1. Field of the Invention
The invention relates in general to the fabrication of semiconductor integrated circuits (ICs), and more particularly to a method of fabricating a stacked capacitor of a dynamic random access memory (DRAM).
2. Description of the Related Art
DRAM is a kind of widely used ICs. The data in a DRAM are saved by charging or discharging. Therefore, the charge saved in the capacitor of the DRAM must be in an operation range to make sure of that the data can be correctly read and written. Because of the trend of higher integrity ICs, the size of the DRAM is gradually reduced and simultaneously, the size of the capacitor is cut down. However, for a storage capacitor of a fixed operation voltage, as the distance of the electrodes and the dielectric constant of the dielectric layer are fixed, the amount of saved charge then depends on the area of capacitor plate. The charge saved in a capacitor is undesirably reduced as the area occupied by the DRAM capacitor is shrunk.
FIG. 1A to FIG. 1D shows a method of fabricating a capacitor of a DRAM. As shown in FIG. 1A, a silicon substrate 10 is firstly provided, wherein a metal-oxide-semiconductor (MOS) 11 and a field oxide 12 are already formed. The MOS 11 and the field oxide 12 are covered by an insulating layer 15 and a contact window 20 is formed on a source/drain region 16 of the MOS device 11.
Next, a first polysilicon layer 21 is deposited over the substrate 10. The first polysilicon layer 21 is then doped and annealed to increase its conductivity. Next, the first polysilicon layer 21 is patterned to form a lower electrode of a capacitor, as shown in FIG. 1B. A dielectric layer 26 is then deposited over the lower electrode of the capacitor, the first polysilicon layer 21, as shown in FIG. 1C. A second polysilicon layer 28 having a thickness of about 1000 .ANG. to 2000 .ANG. is deposited on the surface of the dielectric layer 26 and then doped by, for example, POCl.sub.3, to increase its conductivity. Therefore, the upper electrode 28 of the capacitor is formed and the capacitor structure is completed, as shown in FIG. 1D.
With the requirement of high integrity device, the capacitor fabricated by the above-mentioned process fails in being correctly read and written.

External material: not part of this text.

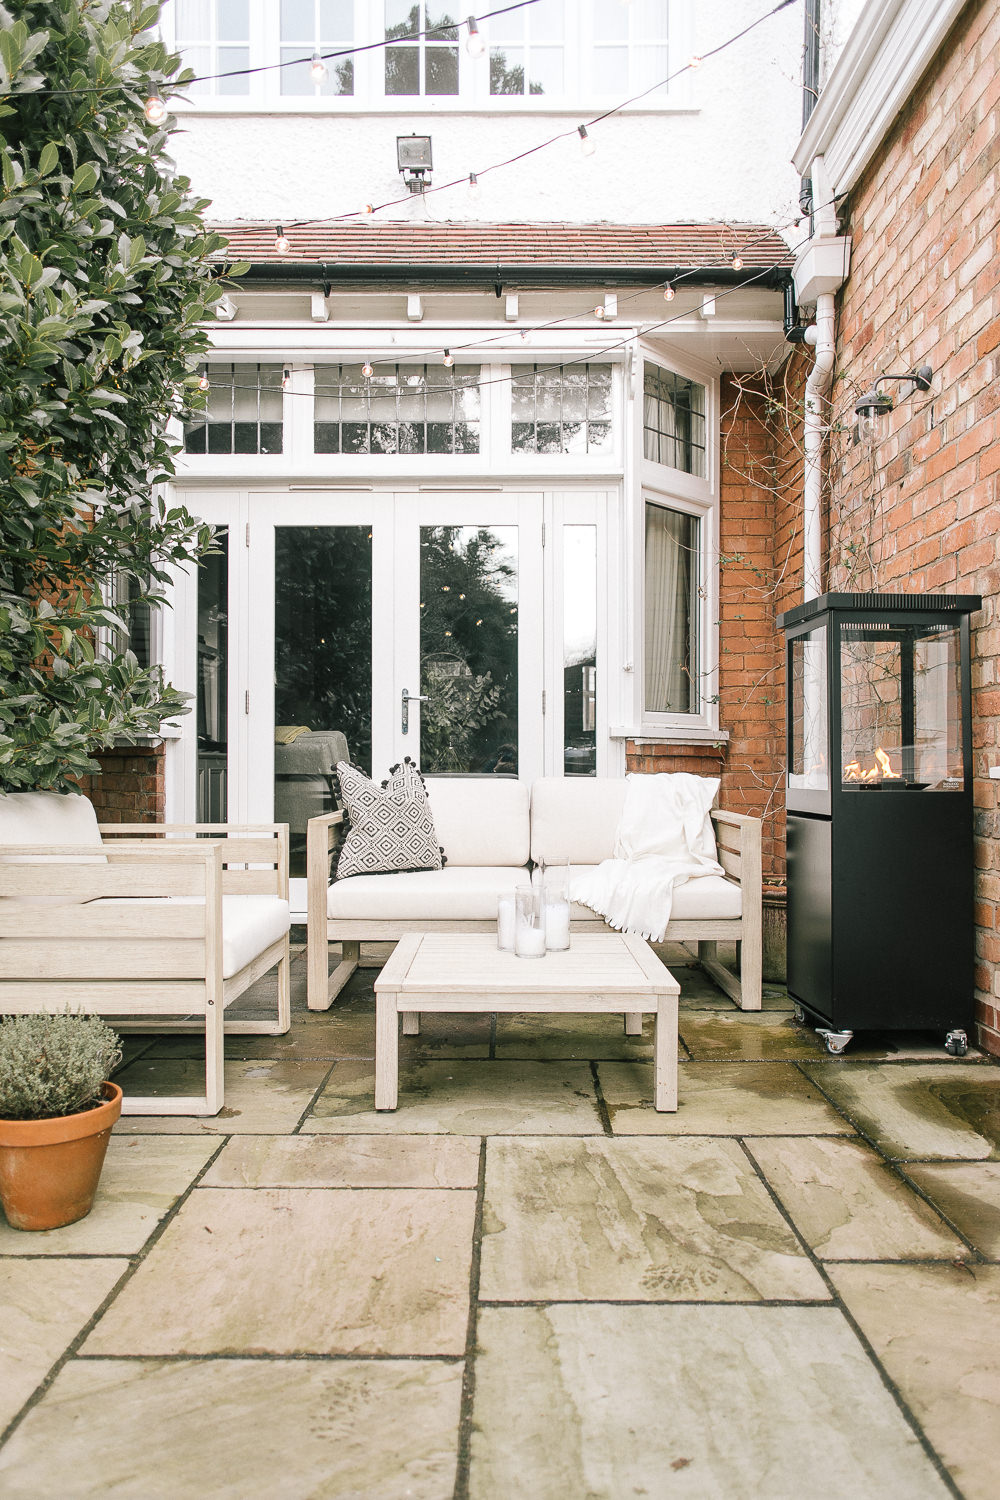 Garden of Claire's Characterful Edwardian Semi | Patio Seating with Festoon Lights and John Lewis St Ives Furniture

Consequently, it is an object of the invention to provide a method of fabricating a stacked capacitor of a DRAM, which uses a number of doped polysilicon and tungsten silicide layers to form the lower electrode of the capacitor. The doped polysilicon layers and the tungsten suicide layers are selectively etched to form a number of lateral trenches at the sidewall of the stacked structure to increase the surface area of the electrode and also the capacitance. By this way, the capacitance of the lateral trench stacked capacitor can be risen to about 1.5 times of the conventional capacitor without the complicate process steps as forming the conventional stacked capacitor. Moreover, the amount of capacitance can be controlled by the number of the polysilicon layers and the tungsten silicide layers.